Rather than conceit or vanity or any other permutation of pride taking the doc at the declaration that he had gathered one hell of a crew aboard one hell of a machine, he slumped in his chair and sighed. “And it’s all my fault.”

“No,” Lelanea said, flying to his side to comfort him, as she always did. “No, no, no. We all willingly joined this crew.”

“Shure thing,” Ched said. “We shought you out, shir. Not the other way around.”

The doc raised his long face to the others. “I don’t mean that. I love you all dearly and would be nothing without you. But it is my fault you are in peril, all because I let that wretched dog aboard.”

“Don’t take it too hard,” Feng said as he patted the doc on the back. “We all told that dog things we shouldn’t have.”

“We sure did,” Boon said.

“I didn’t,” Lelanea said.

“No wonder he knowsh everything about ush,” Ched said.

Lelanea practically beamed with satisfaction. “That will teach you to talk about things better left unsaid.”

“Yes, but I … um …” the doc started. He lowered his eyes as he picked at the hem of his vest. “I didn’t just tell him things. I may have shown him things.”

Feng tilted his head to the doc. “What you talkin’ ‘bout, Hieronymus?”

“You have to appreciate that I didn’t think he could understand me. I thought he was just humoring me by feigning interest. He was a very curious dog, so I gave him access to everything. And I do mean everything.” He dropped his voice to a low growl at the last word.

“Even the-” Lelanea started, then caught herself as she glanced at Dodger. She finished in a low whisper with, “You know what?”

The doc looked up again with a sheepish grin. “Yes?”

“You’re kidding me,” Feng said. “Hieronymus. Really. What were you thinking?”

“I was thinking that dog was just a dog,” the doc said.

“Did you show him your undiesh too?” Ched asked.

“Chester!” the doc shouted. “That was totally uncalled for.”

“Show wash showin’ him shuch a big shecret.”

“Excuse me,” Dodger said.

The four stopped arguing and looked to him.

“I hate to impose like this,” Dodger said. “But would someone mind telling me what a ‘you know what’ is?”

“Yes,” Boon said. “What is a ‘you know what’?”

Saints be praised! Dodger wasn’t the only one in the dark this time. He joined Boon in a long, hard stare at the others.
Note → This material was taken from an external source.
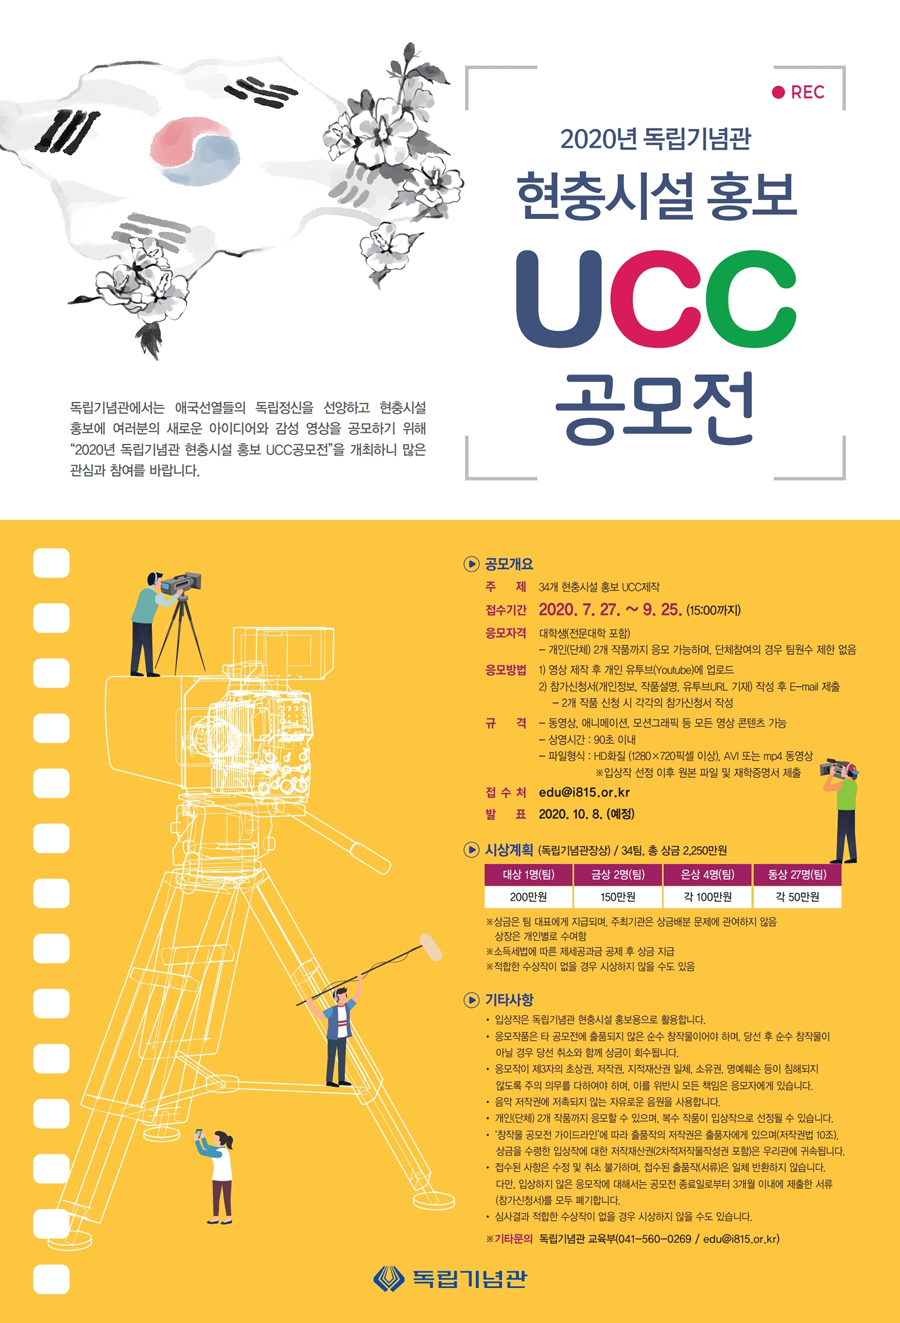 2020년 독립기념관 현충시설 홍보 UCC공모전 개최
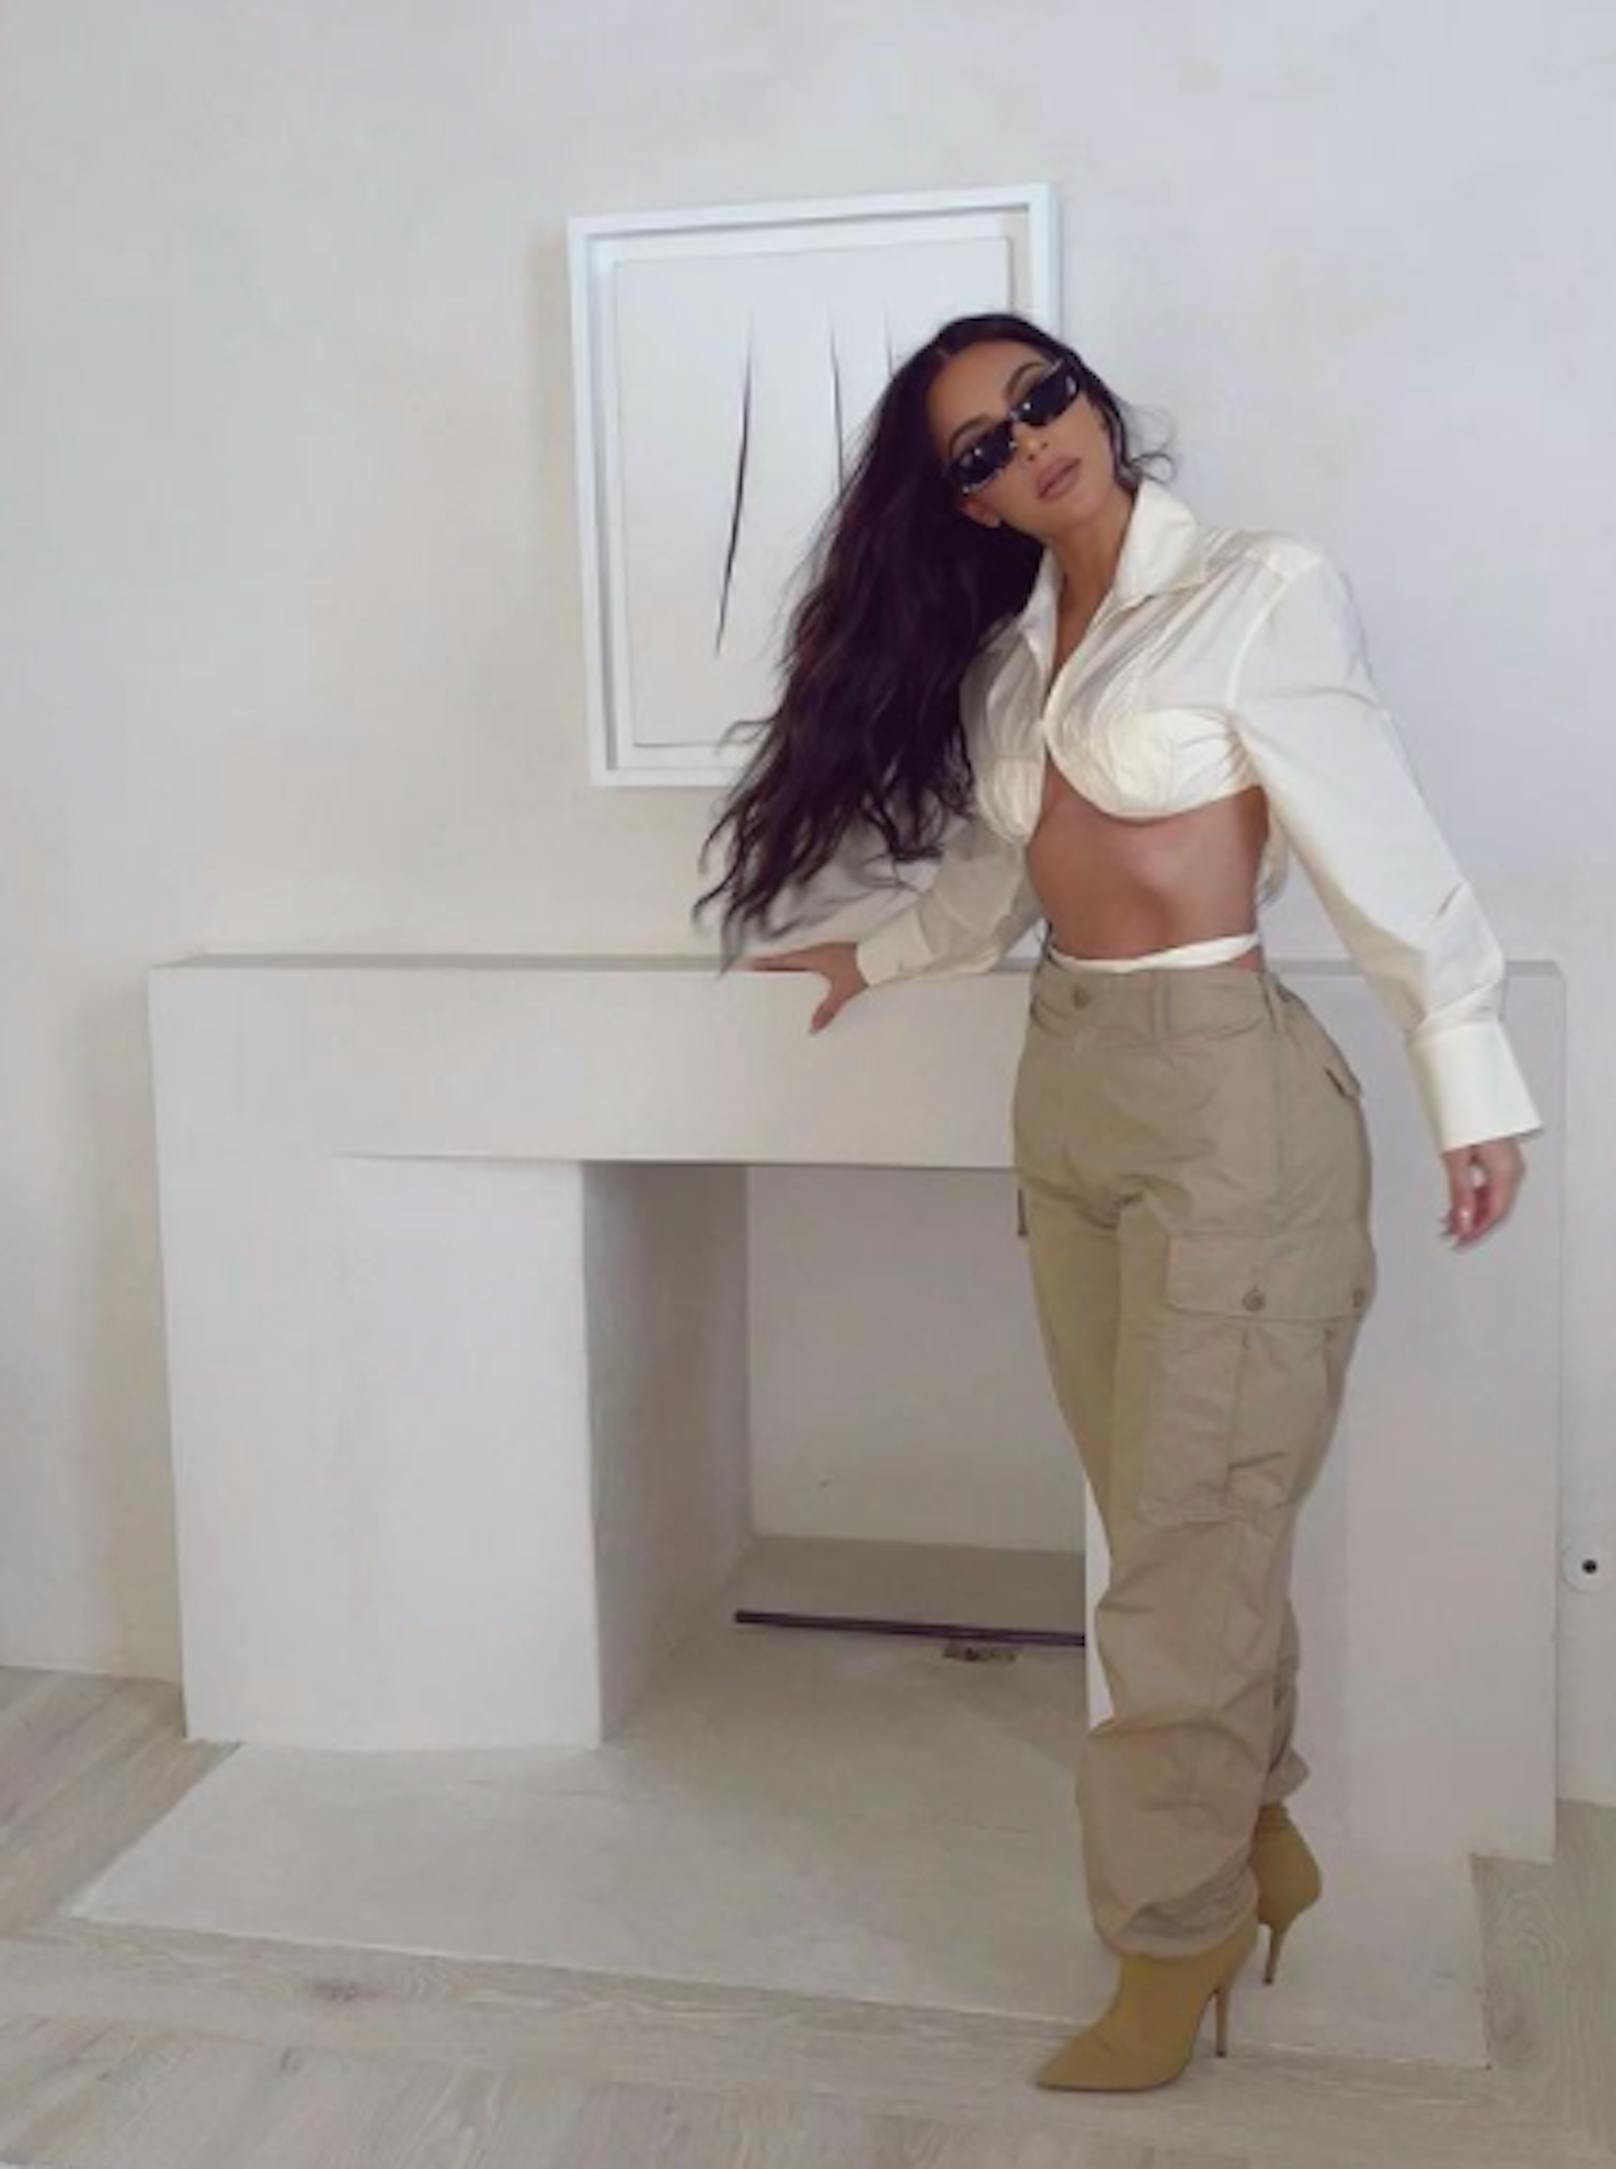 Jetzt ist es offiziell: It-Girl Kim Kardashian lässt sich von Ehemann Kanye West scheiden. Auf Instagram sprach sie kein Wort darüber, stattdessen machte sie Werbung in eigener Sache. Sie postete neun Fotos aus der Kardashians Klamotten-Linie.

After all of the speeches about sharing information and the importance of full disclosure, Dodger couldn’t help but feel a little disappointed with the crew. Though, to be fair, there hadn’t been much time for sharing here lately. For the last few weeks, everything seemed to be rushing headlong toward certain doom.

The four grew visibly uncomfortable at the question.

“I should go shee how that bucket of boltsh ish doin’,” Ched said.

“I’ll go with you,” Lelanea said.

The pair scurried to the engine cab without another word.

The doc spun in his seat, turning his attention to some random paperwork.

“You both need to come with me,” Feng said, then took off for the back of the train.

Dodger looked to the shadowy form of Boon, who shrugged and followed the Celestial.

With little choice, Dodger fell in line.